Monica Bertini – Con quei nove punti siete a quota 41, e pensare che proprio contro il Bologna, la sua ex squadra, potrebbe arrivare la matematica salvezza. Che cosa priva nell’affrontare il club che l’ha visto protagonista lo scorso anno?
“Altre volte mi hanno fatto questa domanda. Io sono abituato a guardare avanti, perché voglio dimenticare quello che è successo, al di là che adesso ho solo il Parma nella testa e quello che voglio fare è raggiungere questo traguardo il prima possibile. Quindi c’è una gara importante, che ha tre punti in palio, e la devo affrontare come se fosse una gara normale, perché altrimenti, se ti fai prendere da altre cose, sbagli. Quindi affrontiamo questa partita concentrati, perché è quello che dobbiamo fare”.
Giuseppe Milano – Tante volte, durante Bar sport, la nostra trasmissione qui su Tv Parma, abbiamo lodato questo 4 4 2, dicendo: la semplicità premia. E’ stata davvero la semplicità a far rilassare il gruppo? Quale è stata la chiave – naturalmente al di là della sua bravura e quella dei giocatori, perché questo è un gruppo importante – principale per fare cambiare rotta a questo Parma?
“Innanzitutto la disponibilità. Ho trovato disponibilità nei giocatori, consapevoli del problema che si era venuto a creare e avevano voglia di uscirne. Io ho qualche anno in più, un po’ di esperienza, ognuno mette del suo: io ho messo quello che negli ultimi anni avevo messo anche in altre squadre, e fino a questo momento i fatti ci danno ragione. Collaborazione. Responsabilizzazione da parte di tutti, io per primo. Quando è così se ci sono dei valori vengono fuori”.

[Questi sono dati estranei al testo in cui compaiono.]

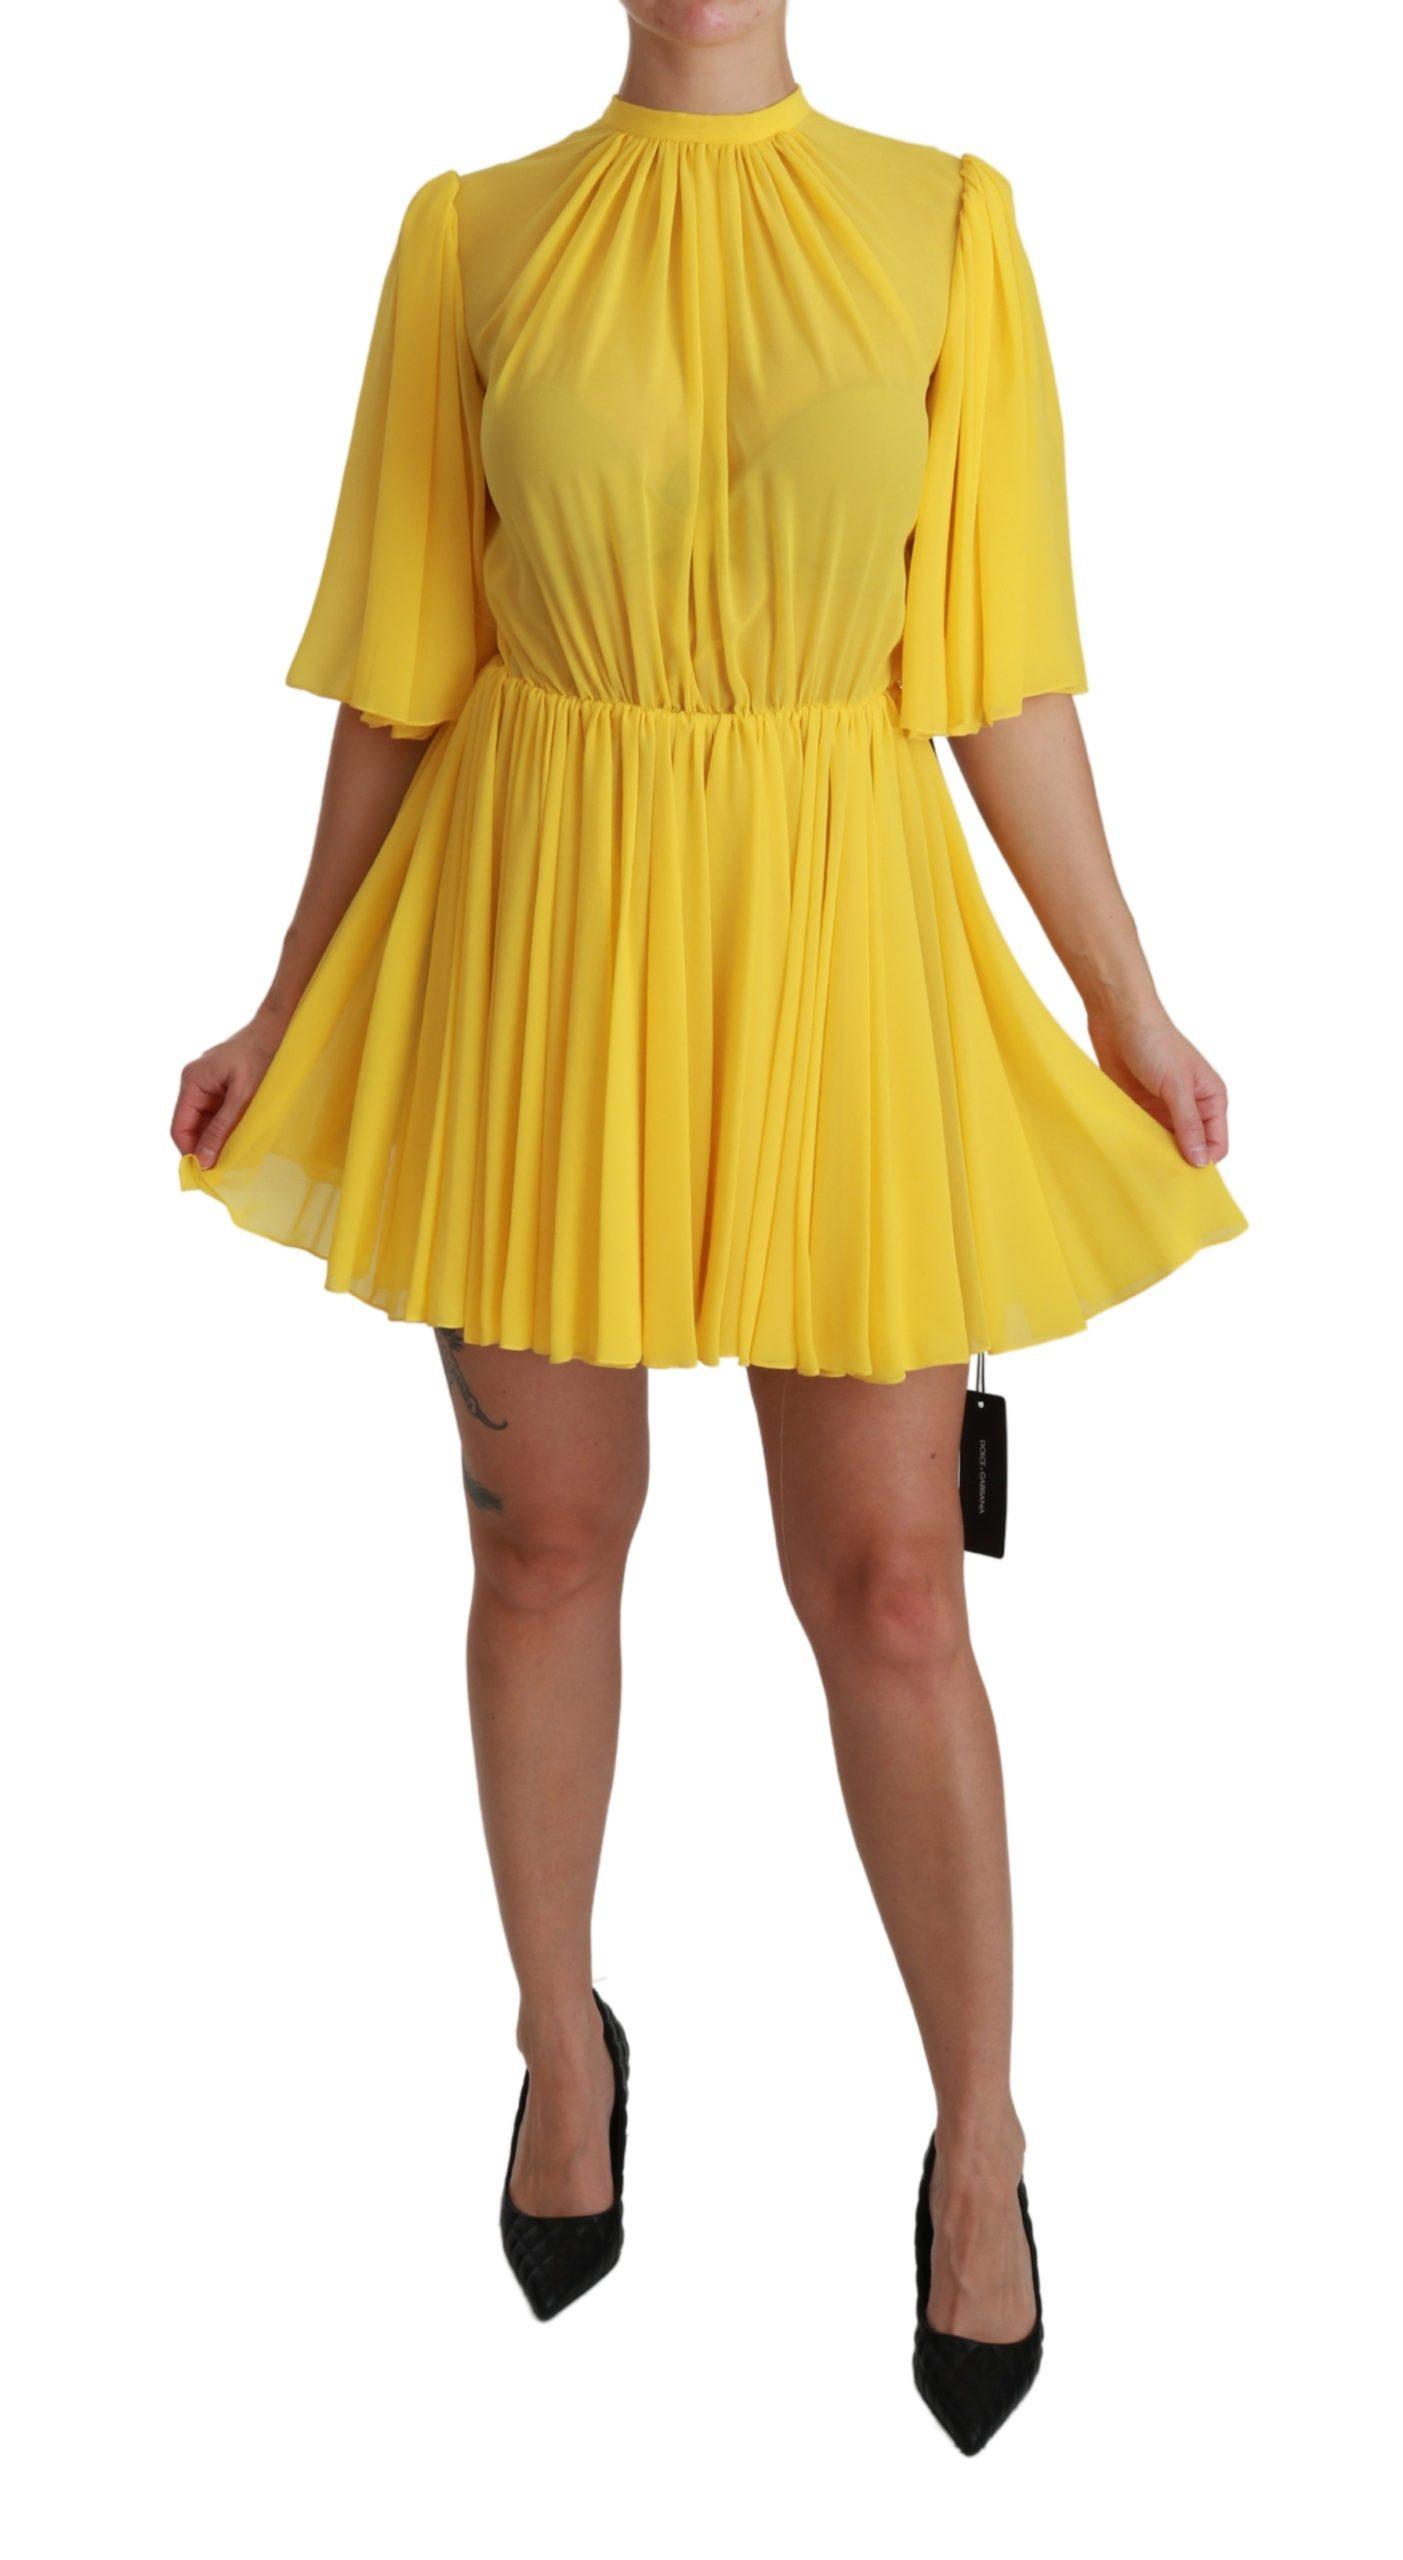 Dolce & Gabbana Women's Pleated A-line Silk Dress Yellow DR2516 - IT40|S
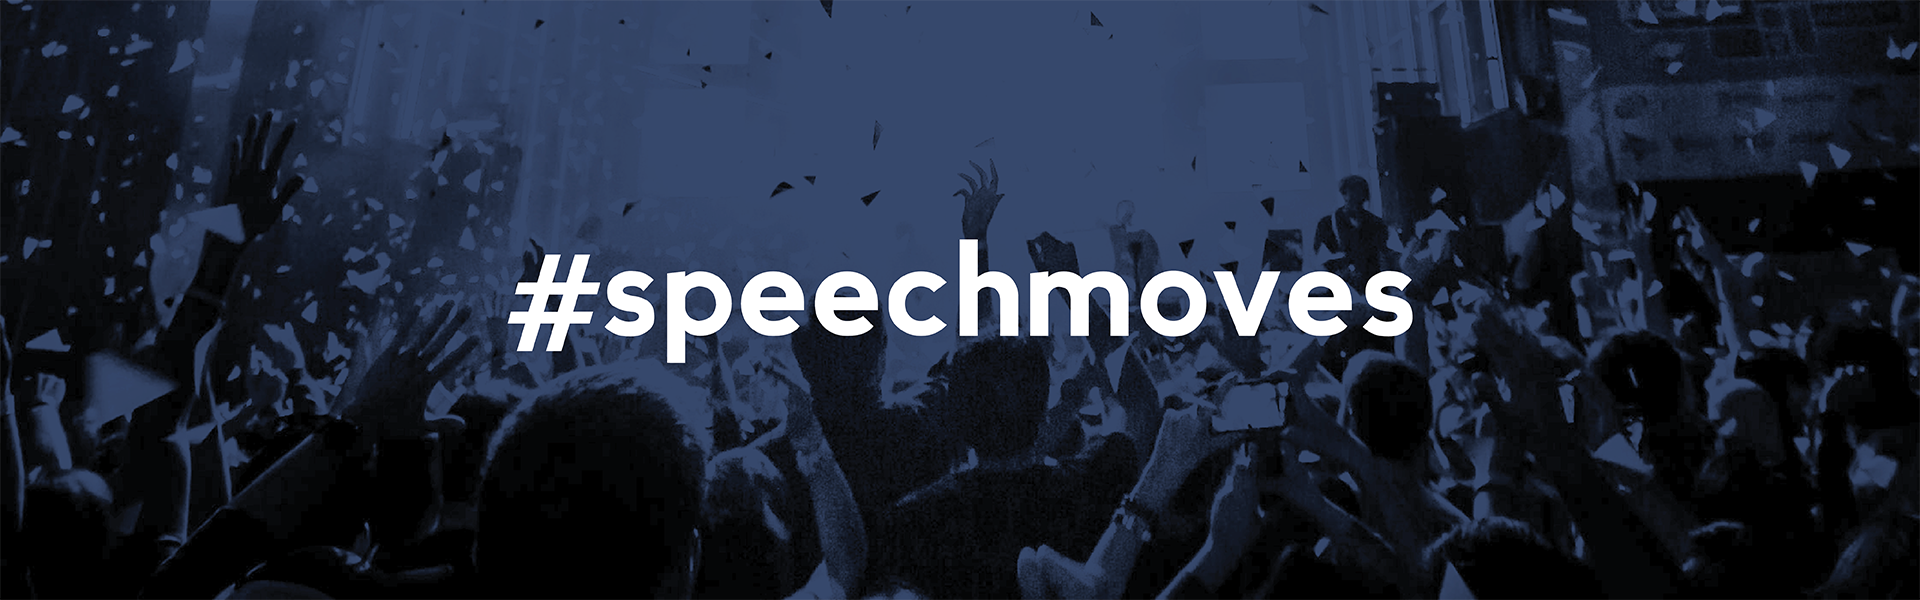 SpeechMoves_LandingPage_image

Gian Franco Bellé – Mister buonasera, mi chiamo Bellé. Tu hai assunto questa squadra a sette giornate dalla fine, con un Parma in una posizione disperata, a due punti dalla B e con un contratto in mano ancora per un anno, quello successivo. In tutta sincerità, che cosa ti ha spinto ad accettare l’offerta del Parma? Uno stato di incoscienza? Una voglia di panchina? Un eccesso di ottimismo?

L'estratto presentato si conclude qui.